V. С ТОГО И ЭТОГО СВЕТА

I. С того

…«Villa Adolphina… Адольфина?.. что бишь такое?.. Villa Adolphina, grands et petits appartements, jardin, vue sur la mer»…

Вхожу — все чисто, хорошо, деревья, цветы, английские дети на дворе, толстые, мягкие, румяные, которым от души желаю никогда не встречаться с антропофагами… Выходит старушка и, спросив о причине прихода, начинает разговор с того, что она не служанка, «а больше по дружбе», что M-me Adolphine поехала в больницу или в богадельню, в которой она патронесса. (414)

Потом ведет меня показывать «необыкновенно удобную квартиру», которая первый раз еще не занята во время сезона и которую сегодня утром приходили осматривать два американца и одна русская княгиня, в силу чего служащая «больше по дружбе» старушка искренно советовала мне не терять времени. Поблагодарив ее за такое внезапное сочувствие и предпочтение, я обратился к ней с вопросом:

— Sie sind eine Deutsche?

— Zu Diensten. Und der gnadige Herr?

— Ein Russe.

— Das freut mich zu sehr. Ich wohnte so lange, so lange in Petersburg. Признаться сказать, такого города, кажется, нет, и не будет.

— Очень приятно слышать. Вы давно оставили Петербург?
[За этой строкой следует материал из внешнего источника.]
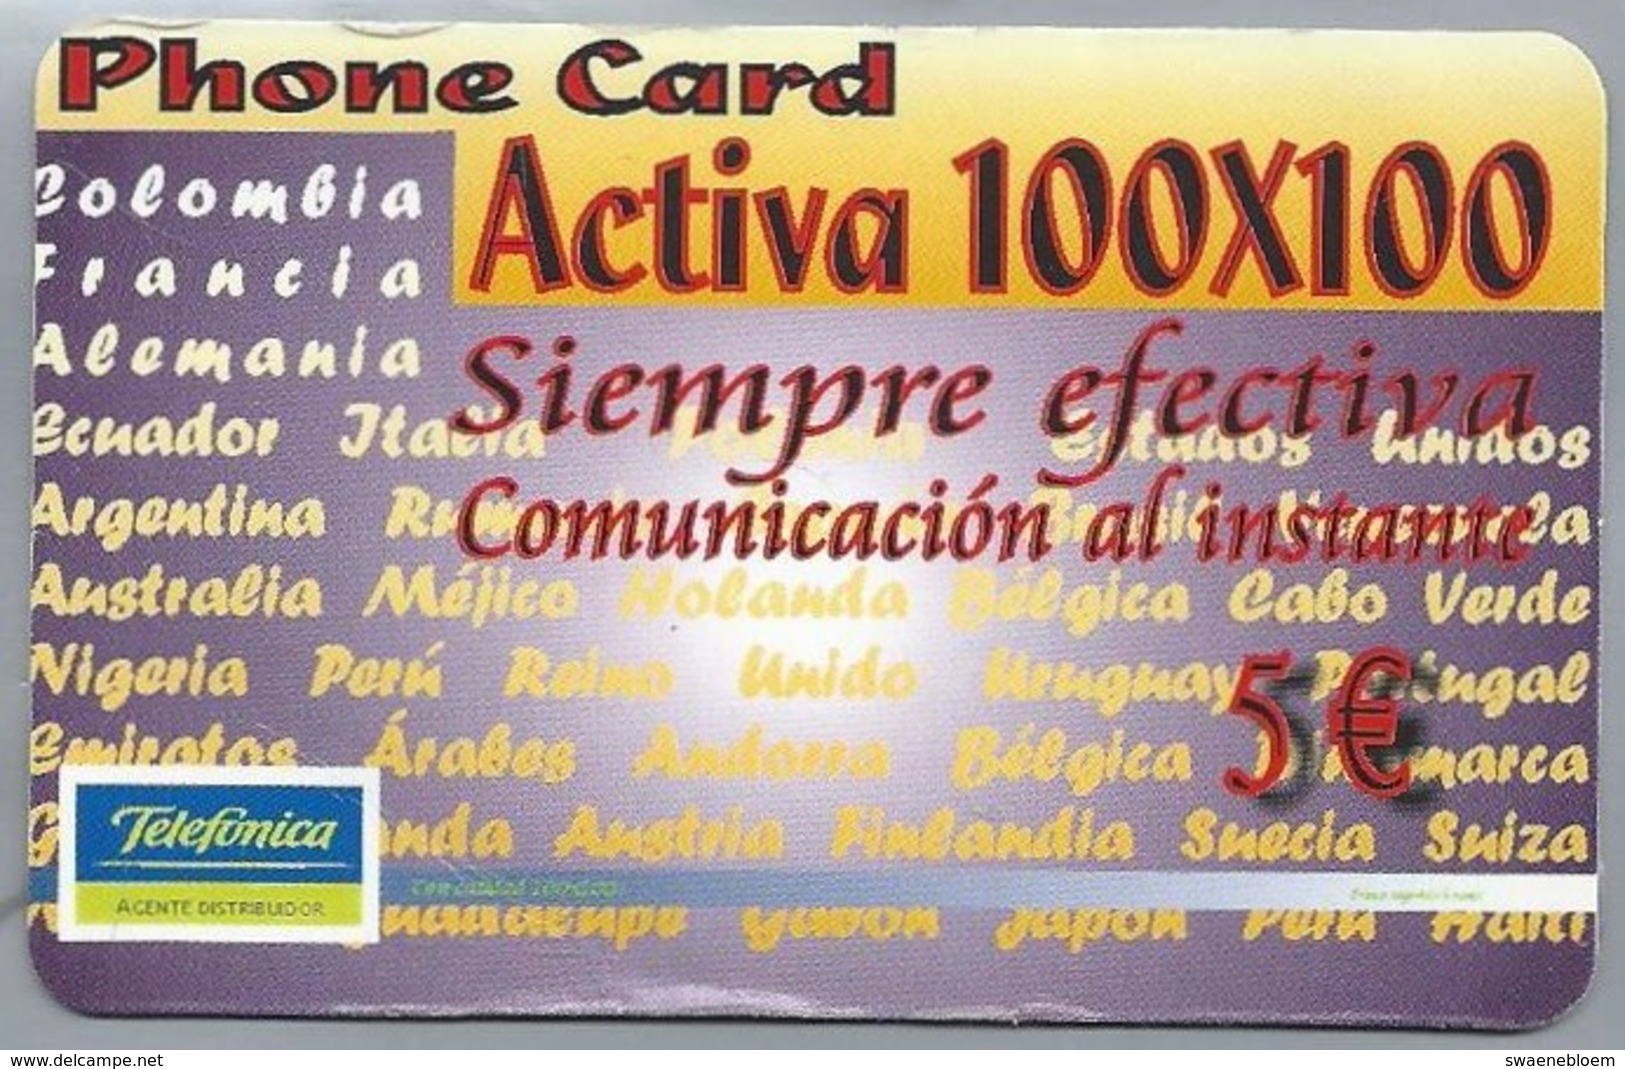 ES.- Telefonica De Espana. Phone Card. Activa 100x100. Siempre Efectiva. Cominication Al Instante. 5 €. - Telefonica

— Да не вчера-таки, мы вот уж здесь живем, на худой конец, лет двадцать. Я с детства была подругой с madame Adolphine и потом никогда не хотела ее покинуть. Она мало хозяйством занимается, все у нее идет так, некому присмотреть. Когда meine Gonnerin купила этот маленький парадиз, она меня тотчас выписала из Брауншвейга…

— А где вы жили в Петербурге? — спросил я вдруг.

— О, мы жили в самой лучшей части города, где lauter Herrschaften und Generale живут. Сколько раз я видела покойного государя, как он в коляске и в санях на одной лошади проезжал — so emst… можно связать, настоящий потентат был.

— Вы жили на Невском, на Морской?

— Да, то есть не совсем на Нефском, а тут возле, у Полицей-брюке.